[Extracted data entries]
▼▼▼
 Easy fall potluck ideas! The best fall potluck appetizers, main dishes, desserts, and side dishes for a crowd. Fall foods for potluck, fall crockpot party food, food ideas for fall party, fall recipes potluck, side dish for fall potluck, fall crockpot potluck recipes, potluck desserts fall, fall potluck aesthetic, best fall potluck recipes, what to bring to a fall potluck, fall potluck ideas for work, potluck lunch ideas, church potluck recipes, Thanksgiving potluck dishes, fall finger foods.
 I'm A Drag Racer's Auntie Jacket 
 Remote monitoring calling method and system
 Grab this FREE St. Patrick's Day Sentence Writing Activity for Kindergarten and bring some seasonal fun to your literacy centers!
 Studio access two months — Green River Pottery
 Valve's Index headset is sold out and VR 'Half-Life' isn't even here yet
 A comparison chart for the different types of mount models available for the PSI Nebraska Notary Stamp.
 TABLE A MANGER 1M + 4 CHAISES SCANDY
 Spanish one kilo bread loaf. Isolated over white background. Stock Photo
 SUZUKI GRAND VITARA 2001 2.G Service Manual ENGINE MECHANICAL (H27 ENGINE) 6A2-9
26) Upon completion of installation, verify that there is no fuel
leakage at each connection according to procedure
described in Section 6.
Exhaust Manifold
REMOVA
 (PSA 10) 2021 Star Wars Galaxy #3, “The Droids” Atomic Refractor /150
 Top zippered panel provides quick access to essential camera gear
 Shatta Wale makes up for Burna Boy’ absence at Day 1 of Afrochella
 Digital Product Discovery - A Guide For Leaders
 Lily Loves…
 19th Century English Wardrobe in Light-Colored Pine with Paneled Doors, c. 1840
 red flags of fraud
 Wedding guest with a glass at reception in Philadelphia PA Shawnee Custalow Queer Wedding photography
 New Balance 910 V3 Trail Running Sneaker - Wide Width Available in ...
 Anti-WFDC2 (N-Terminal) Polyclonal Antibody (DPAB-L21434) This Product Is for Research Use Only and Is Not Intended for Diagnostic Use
▲▲▲
[ACTIVITY]
Find every line in the records that has the word "access". Copy those lines.

[RESPONSE TO THE TASK]
 Studio access two months — Green River Pottery
 Top zippered panel provides quick access to essential camera gear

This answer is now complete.